I am trying to improve a part of code that is slowing down the whole script significantly, right to the point of making it unfeasible. In particular the piece of code is:
for vectors1 in EC1:
for vectors2 in EC2:
r = np.add(vectors1, vectors2)
for vectors3 in CDC:
result = np.add(r, vectors3).tolist()
if result not in states: # This is what makes it very slow
states.append(result)
EC1, EC2 and CDC are lists that contains as elements, lists of lists, as an example of one iteration, we get:
vectors1: [[2, 0, 0], [0, 0, 0], [0, 0, 0], [2, 0, 0], [0, 0, 0], [0, 0, 0], [2, 0, 0], [2, 0, 0], [0, 0, 0]]
vectors2: [[0, 0, 0], [2, 0, 0], [0, 0, 0], [0, 0, 0], [2, 0, 0], [2, 0, 0], [0, 0, 0], [0, 0, 0], [0, 0, 0]]
vectors3: [[0, 0, 0], [0, 0, 0], [2, 1, 0], [0, 0, 0], [0, 0, 0], [0, 0, 0], [0, 0, 0], [2, 1, 0], [2, 1, 0]]
result: [[2, 0, 0], [2, 0, 0], [2, 1, 0], [2, 0, 0], [2, 0, 0], [2, 0, 0], [2, 0, 0], [4, 1, 0], [2, 1, 0]]
Notice how vectors1, vectors2 and vectors3 correspond to one element from EC1, EC2 and CDC respectively, also how 'result' is the summation from vectors1, vectors2 and vectors3, hence the previous vectors cannot be altered in any manner or sorted, otherwise it would change the expected result from the 'result' variable.
In the first two loops each item in EC1 and EC2 are summed, for later on sum up the previous result with items in CDC. To sum the list of lists from EC1 and EC2 and later on the previous result ('r') with the list of lists from CDC I use numpy.add(). Finally, I reconvert 'result' back to list. So Basically I am managing lists of lists as elements from EC1, EC2 and CDC.
The problem is that I must deal with hundreds of thousands (close to 1M) of results and having to check if a result exists in states list is slowing things drastically, specially since states list grows as more results are processed.
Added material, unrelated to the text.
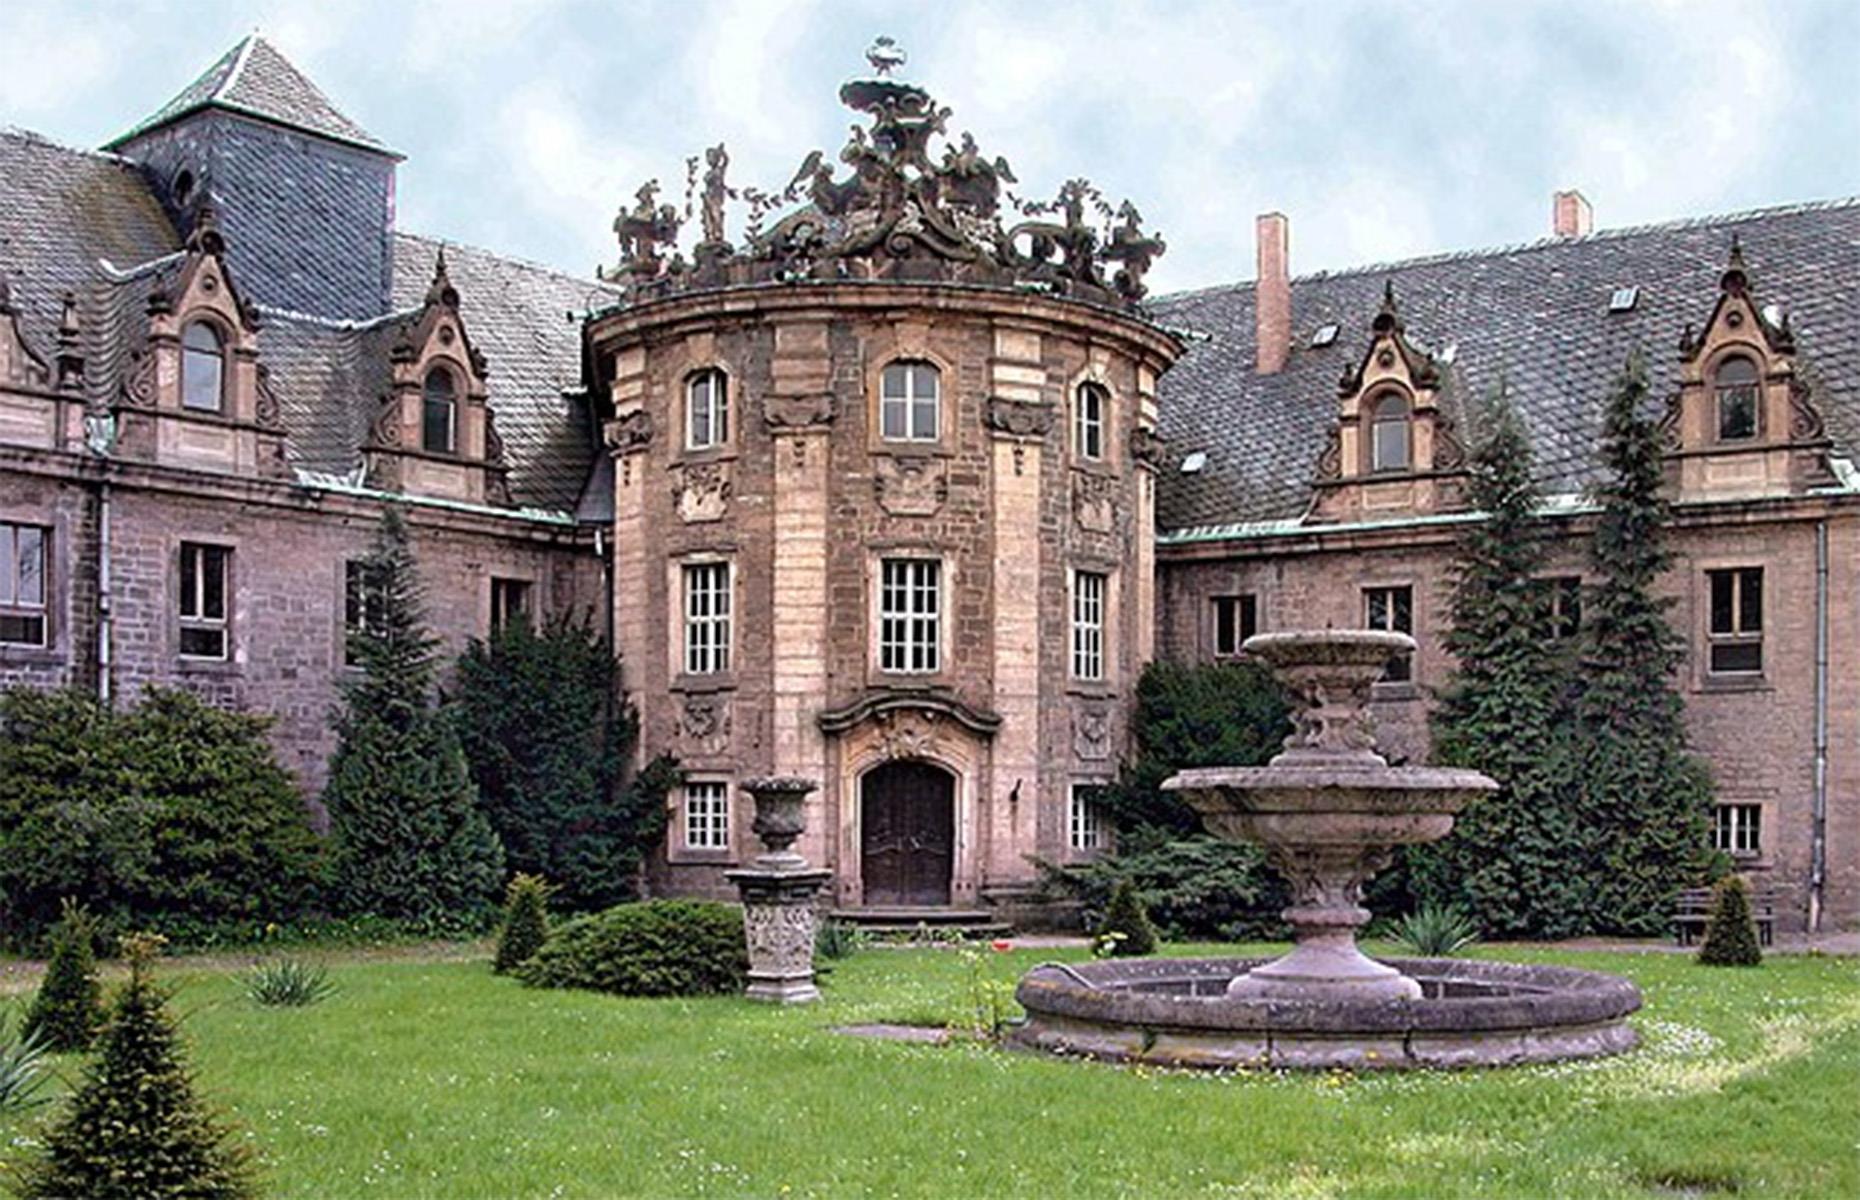 <p>Reportedly founded more than 1,000 years ago, the castle has had many uses over the decades, including a nunnery and a sanctuary for refugees during the Second World War.</p>  <p>A landmark of the region, Vitzenburg Castle now sits abandoned and empty despite reportedly acquiring a new owner in <a href="https://www.arcanumurbex.de/photos/civilian-objects/movie-castle/">2004</a>.</p>

I've tried to keep inside the numpy world by managing everything as numpy arrays. First declaring states as:
states = np.empty([9, 3], int)
Then, concatenating the result numpy array to states numpy array, prior checking if already exists in states:
for vectors1 in EC1:
for vectors2 in EC2:
r = np.add(vectors1, vectors2)
for vectors3 in CDC:
result = np.add(r, vectors3)
if not np.isin(states, result).any():
np.concatenate(states, result, axis=0)
But definitely I am doing something wrong because result is not being concatenated to states, I've also tried without success:
np.append(states, result, axis=0)
Could this be parallelized in some way?